Loading...

verticapy.vDataColumn.aggregate#

vDataColumn.aggregate(func: list) TableSample#

Aggregates the vDataFrame using the input functions.

Parameters#

func: SQLExpression

List of the different aggregations:

  • aad:

    average absolute deviation.

  • approx_median:

    approximate median.

  • approx_q%:

    approximate q quantile (ex: approx_50% for the approximate median).

  • approx_unique:

    approximative cardinality.

  • count:

    number of non-missing elements.

  • cvar:

    conditional value at risk.

  • dtype:

    virtual column type.

  • iqr:

    interquartile range.

  • kurtosis:

    kurtosis.

  • jb:

    Jarque-Bera index.

  • mad:

    median absolute deviation.

  • max:

    maximum.

  • mean:

    average.

  • median:

    median.

  • min:

    minimum.

  • mode:

    most occurent element.

  • percent:

    percent of non-missing elements.

  • q%:

    q quantile (ex: 50% for the median) Use the approx_q% (approximate quantile) aggregation to get better performance.

  • prod:

    product.

  • range:

    difference between the max and the min.

  • sem:

    standard error of the mean.

  • skewness:

    skewness.

  • sum:

    sum.

  • std:

    standard deviation.

  • topk:

    kth most occurent element (ex: top1 for the mode).

  • topk_percent:

    kth most occurent element density.

  • unique:

    cardinality (count distinct).

  • var:

    variance.

Other aggregations will work if supported by your database version.

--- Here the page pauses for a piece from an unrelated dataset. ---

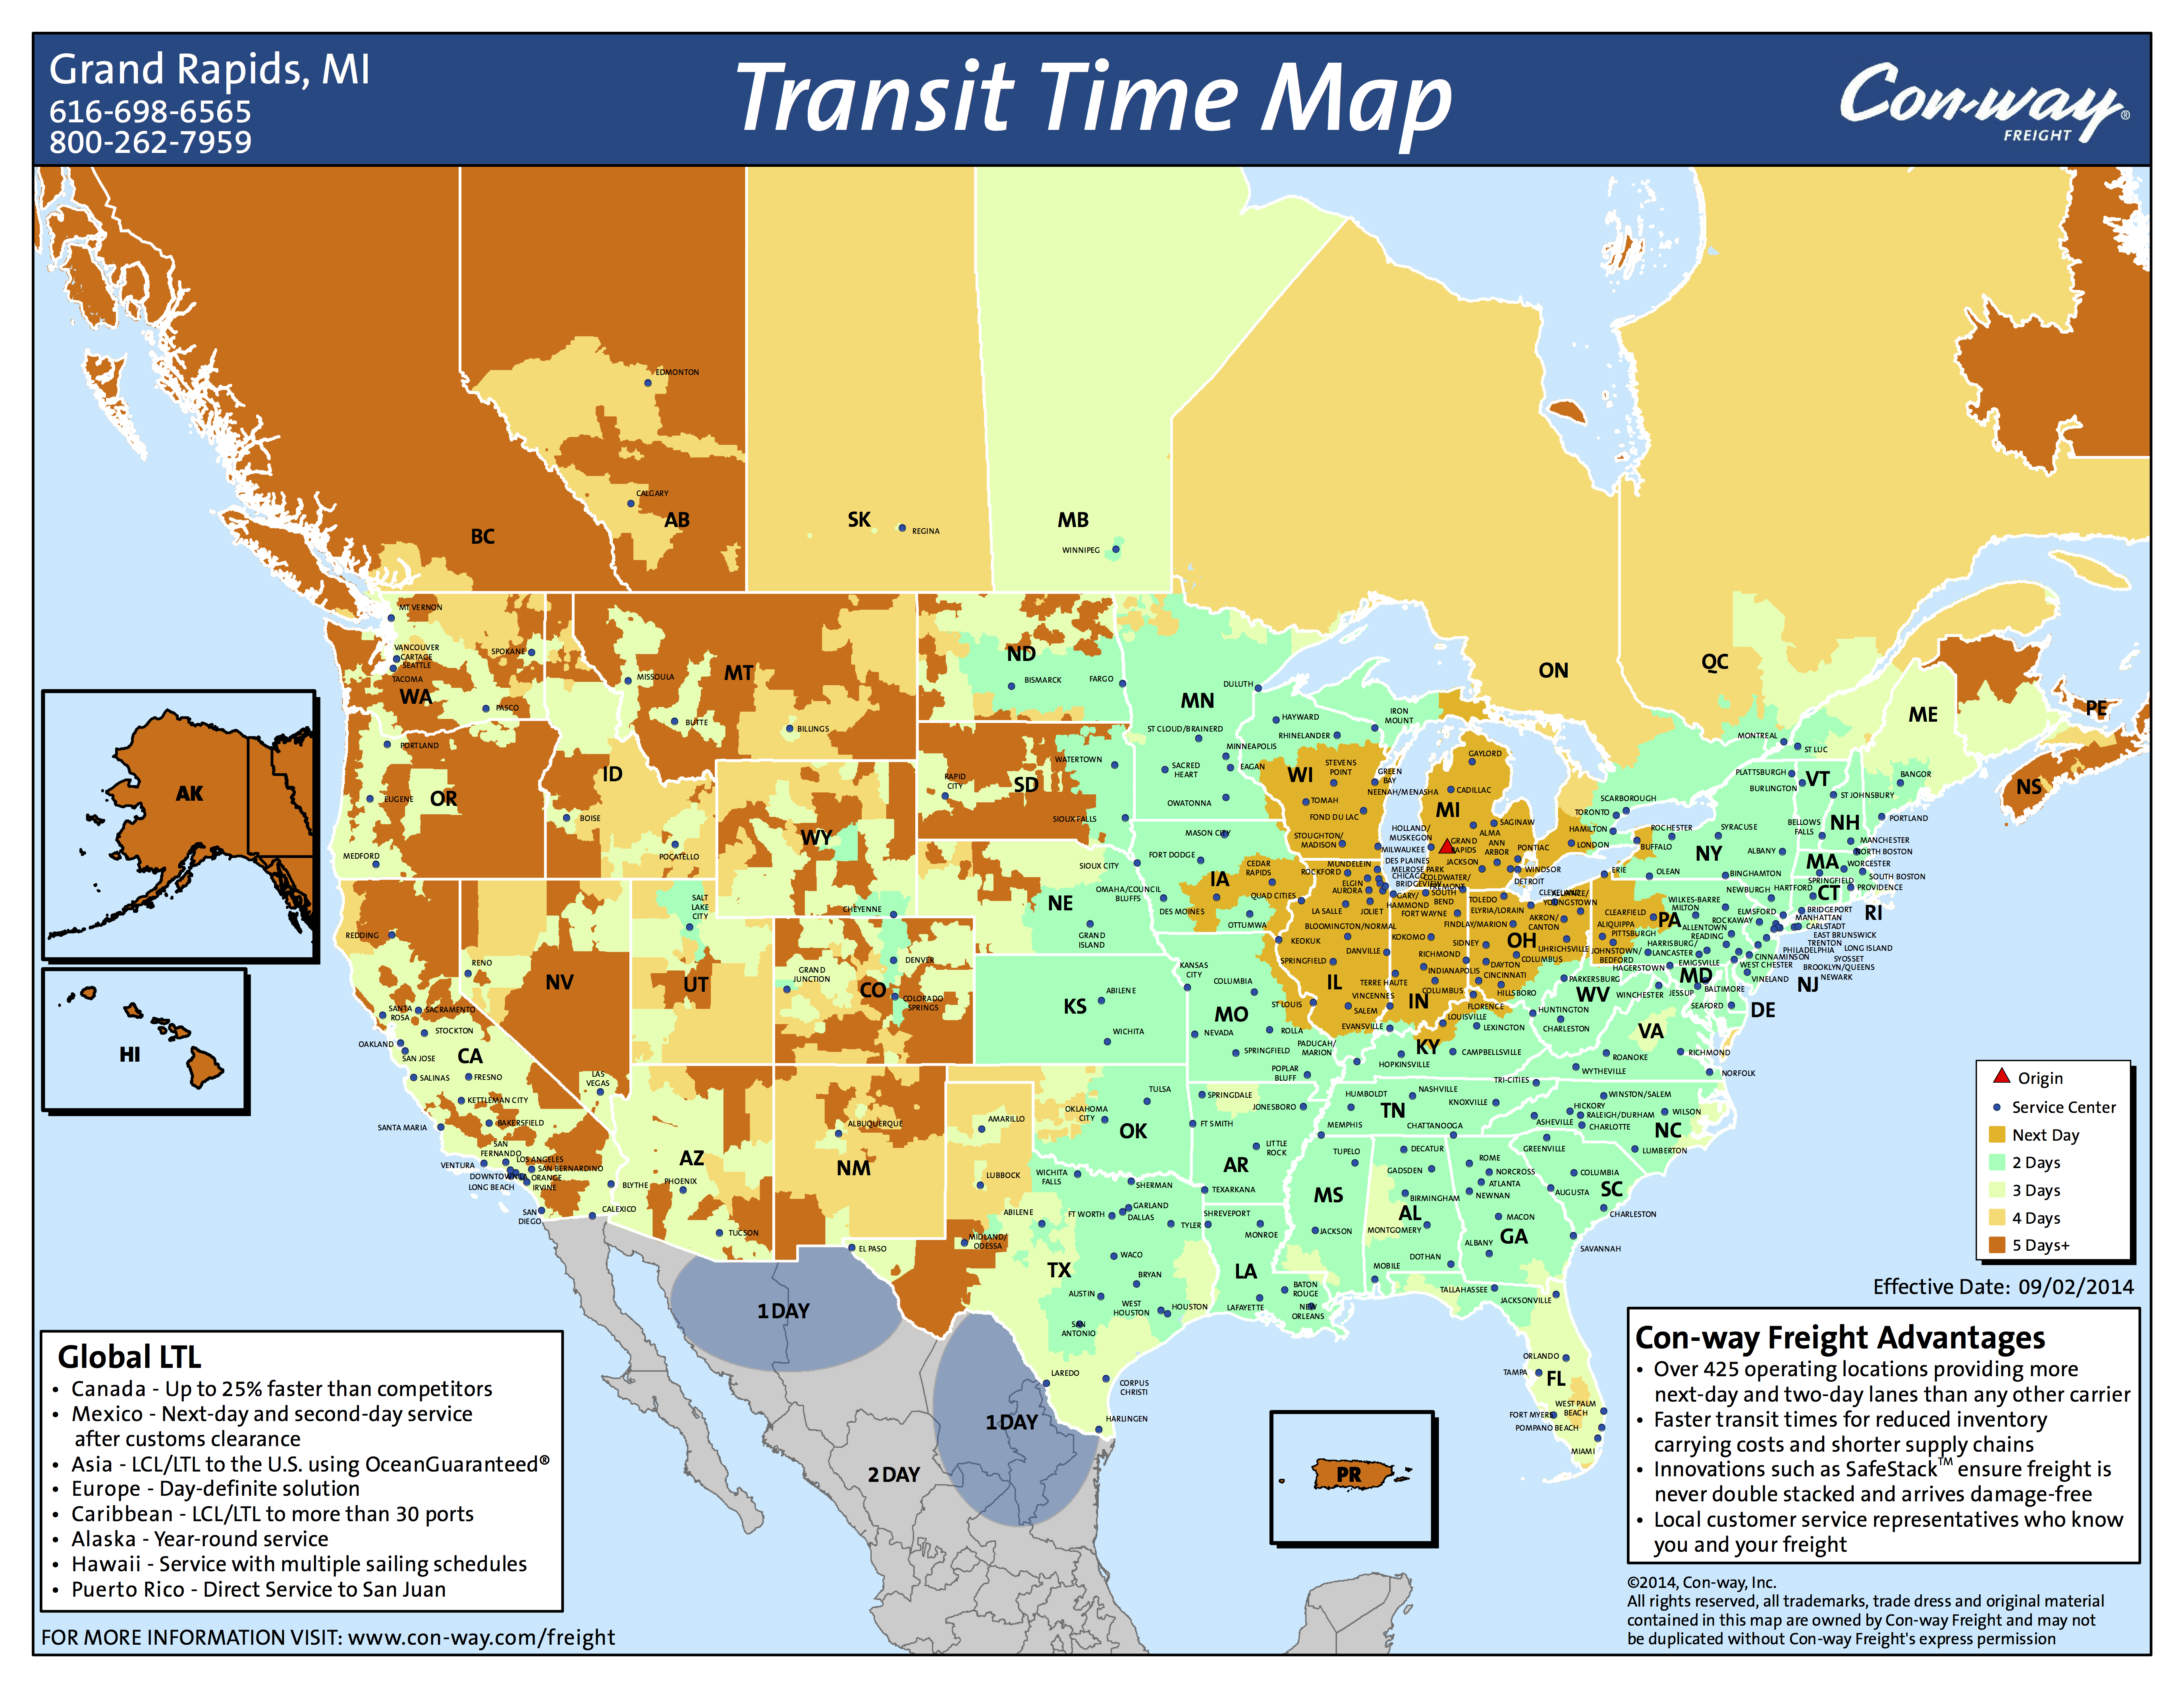 conway freight transit times

columns: SQLColumns, optional

List of the vDataColumn’s names. If empty, depending on the aggregations, all or only numerical vDataColumns are used.

ncols_block: int, optional

Number of columns used per query. Setting this parameter divides what would otherwise be one large query into many smaller queries called “blocks”, whose size is determine by the size of ncols_block.

processes: int, optional

Number of child processes to create. Setting this with the ncols_block parameter lets you parallelize a single query into many smaller queries, where each child process creates its own connection to the database and sends one query. This can improve query performance, but consumes more resources. If processes is set to 1, the queries are sent iteratively from a single process.

Returns#

TableSample

result.

Examples#

For this example, we will use the following dataset:

import verticapy as vp

data = vp.vDataFrame(
    {
        "x": [1, 2, 4, 9, 10, 15, 20, 22],
        "y": [1, 2, 1, 2, 1, 1, 2, 1],
        "z": [10, 12, 2, 1, 9, 8, 1, 3],
    }
)

With the aggregate method, you have the flexibility to select specific aggregates you wish to include in the query. This allows for more precise control over the aggregation process and helps tailor the results to your specific needs.

data["x"].aggregate(
    func = ["min", "approx_10%", "approx_50%", "approx_90%", "max"],
)
"x"
min1.0
approx_10%1.7
approx_50%9.5
approx_90%20.6
max22.0

Note

All the calculations are pushed to the database.

See also

vDataFrame.aggregate() : Aggregations for specific columns.
vDataColumn.describe() : Summarizes the information within the column.
vDataFrame.describe() : Summarizes the information for specific columns.